My students over the last 29 years have helped me grow and develop professionally. I believe I have been successful in my research and teaching largely due to their input and dialogue on various issues and premises that started to fuel my research agenda. I have been blessed to work with highly intelligent, socially conscious, human rights activists as my doctoral and masters students. My students at CU Denver inspire me with their passion for human rights and social advocacy. They select our program for the cultural responsiveness and cultural competencies focus that we all subscribe to on the faculty. It is an honor to be working with such a passionate group of future counselors who will work ethically and consciously to protect human rights and be social advocates.
Classes I teach at the University of Colorado Denver School of Education & Human Development:
- Foundations of counseling - CPCE 5010
- Group counseling - CPCE 5110
- School Strategies - CPCE 5800
- Multicultural counseling - CPCE 5810
- Advanced Multicultural Counseling - CPCE 5830
- Advanced Abnormal Psychology - CPCE/EPSY 6250
I teach all my courses with a multicultural emphasis and teach about making counseling relevant and meaningful to a specific client.
My Research Interests:
- Counseling Psychology: Cross-Cultural Counseling and Psychotherapy
- Role and Function of School Counselors
- Cultural Competence and Cultural Responsiveness
- Curriculum Development in Counseling and Counseling Psychology
- Women - Psychology of Women, Women and Power, Abused Women
- Refugees and Immigrants: Adjustment issues
- Instrument developed with Harris Kahn: Scale to Assess World View(c) (1984).

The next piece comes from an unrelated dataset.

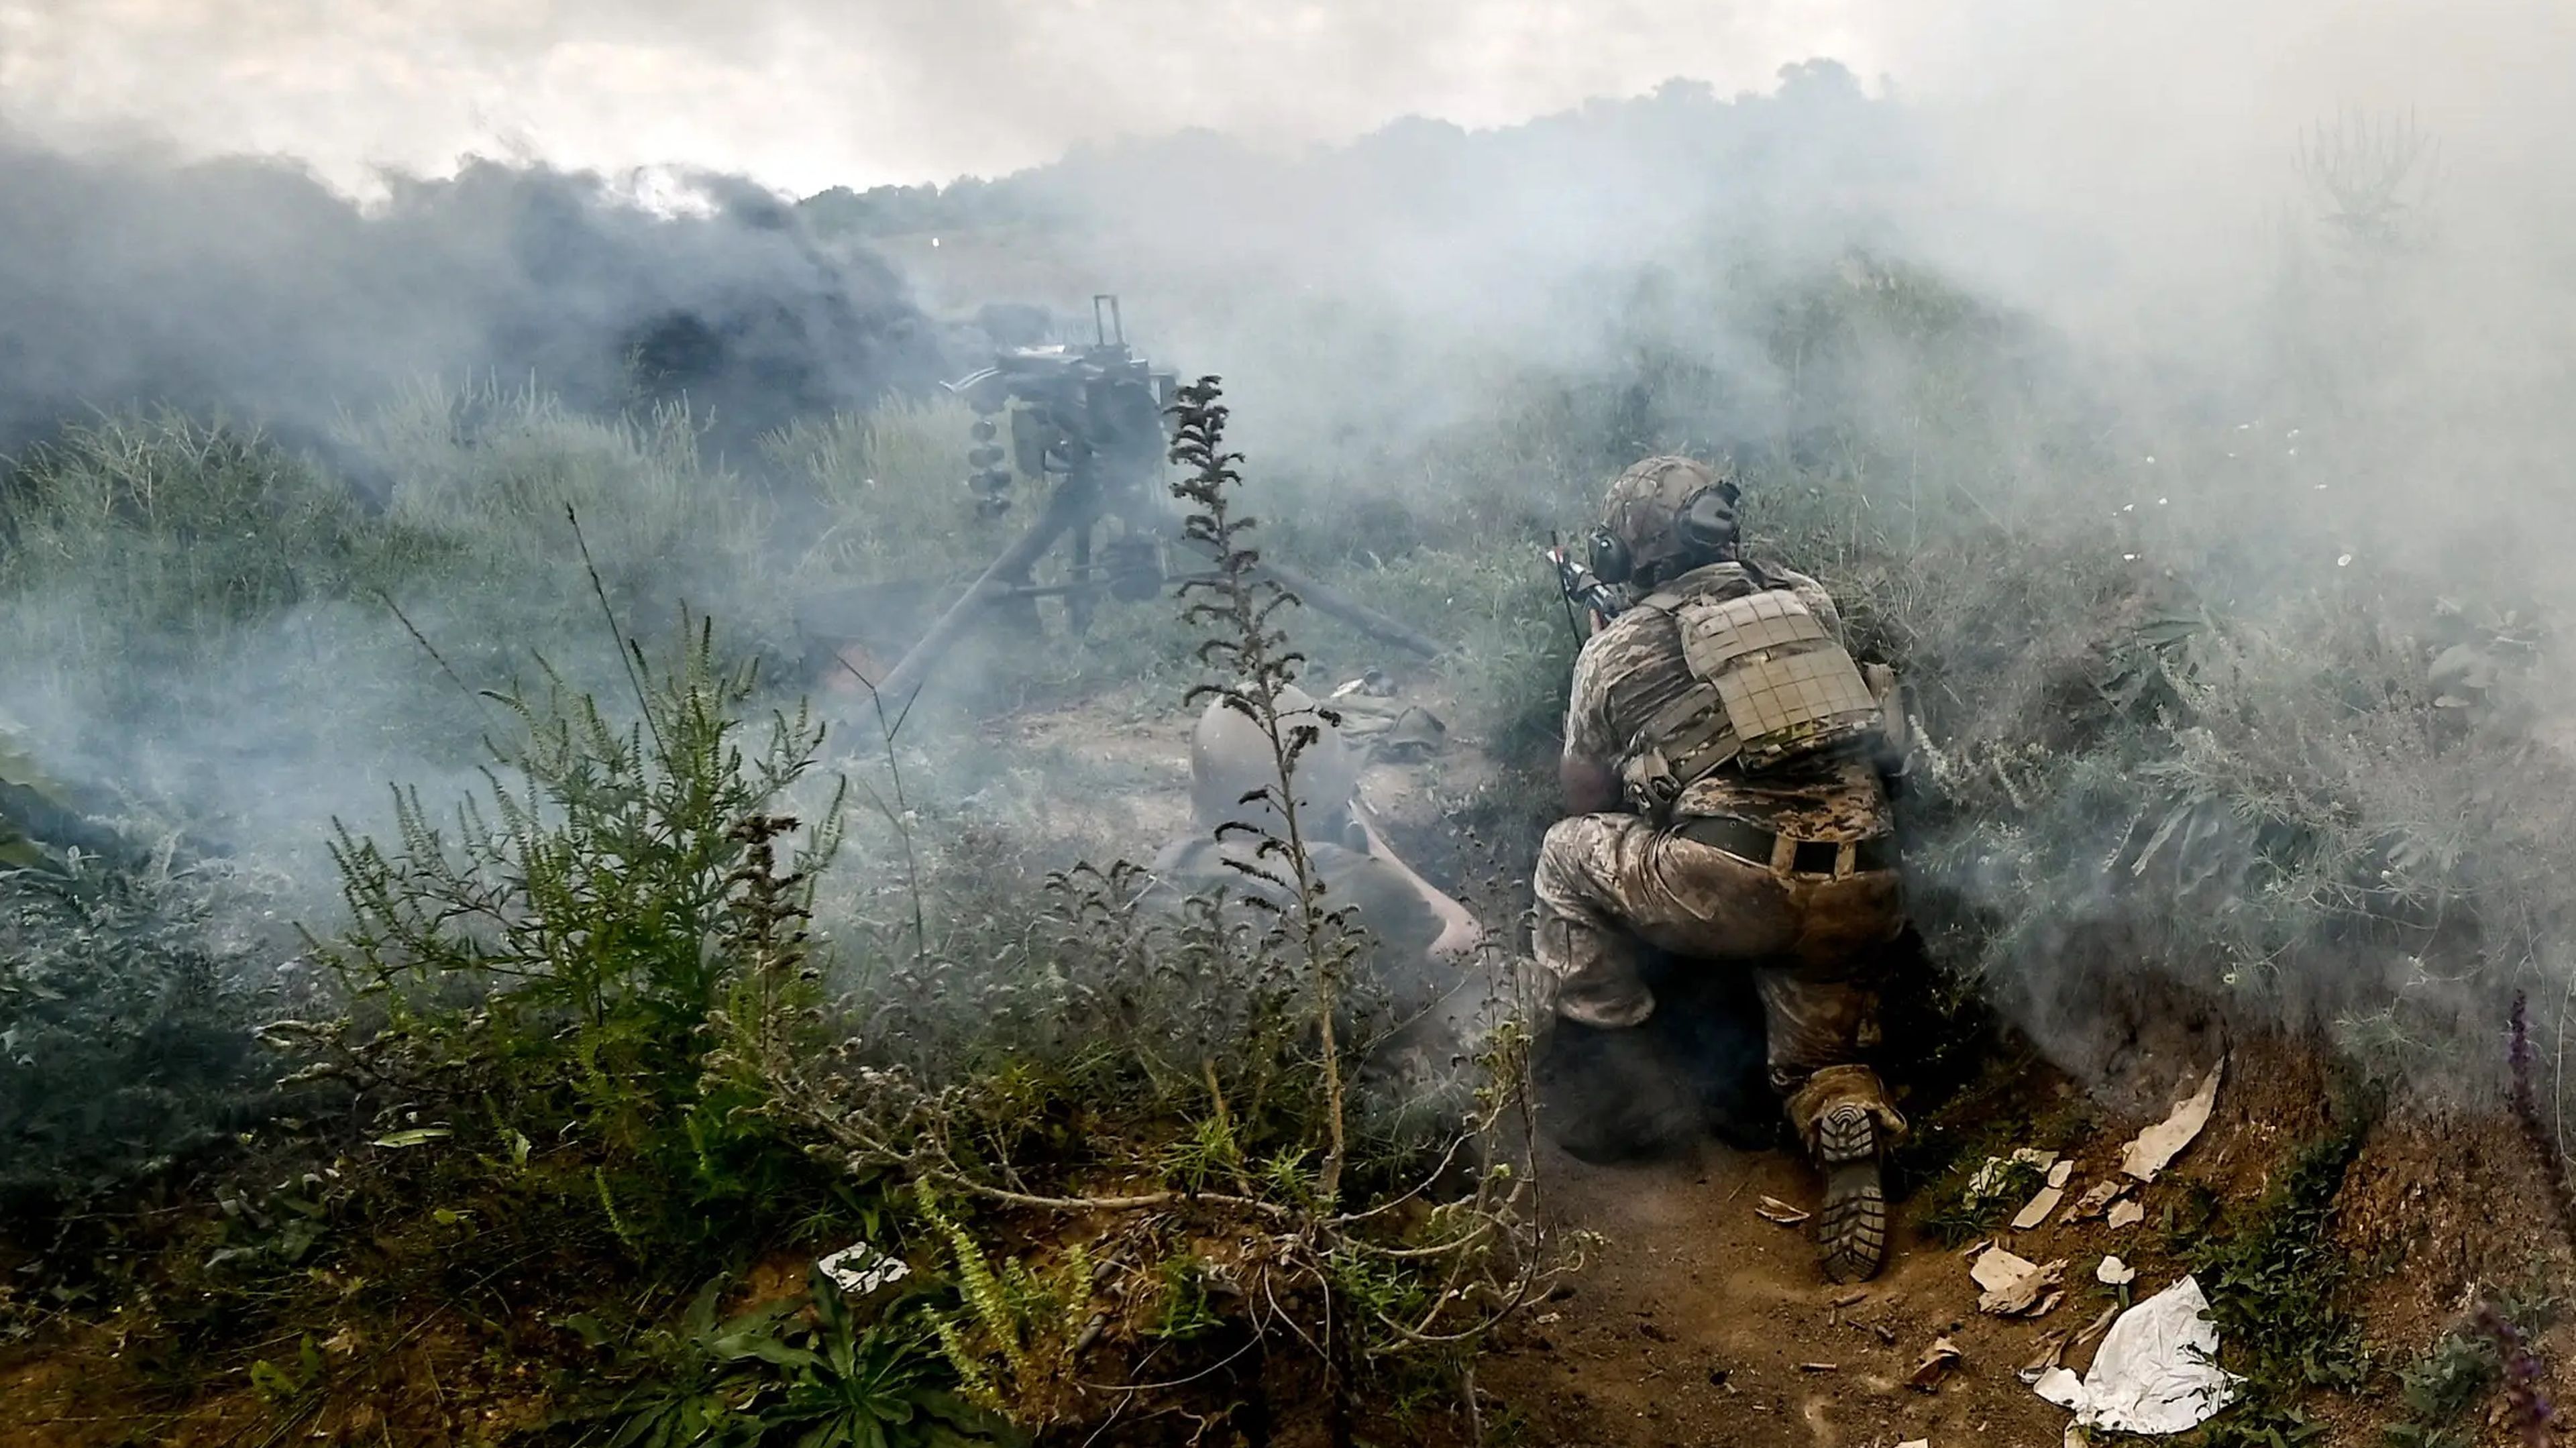 El humo cubre a los militares que practican el asalto a posiciones enemigas durante un simulacro táctico en la dirección de la provincia de Zaporiyia.

- Developed the "Cultural Identity Check List (CICL, 1990, Revised, 1999. 2005).
- Critical Issues in the Schools: Drug and Alcohol Abuse, Suicide, Violence.
- Developed the "Cultural Competence Survey (CCS, 2005).
In whatever spare time I have, I like to paint with oil and acrylics. I love to look at and capture the constantly changing beauty of nature. This and reading is my biggest relaxation. I also love dancing and hiking and I wish I had more time to spend on these activities but I am usually found working away on yet another project that consumes me day and night.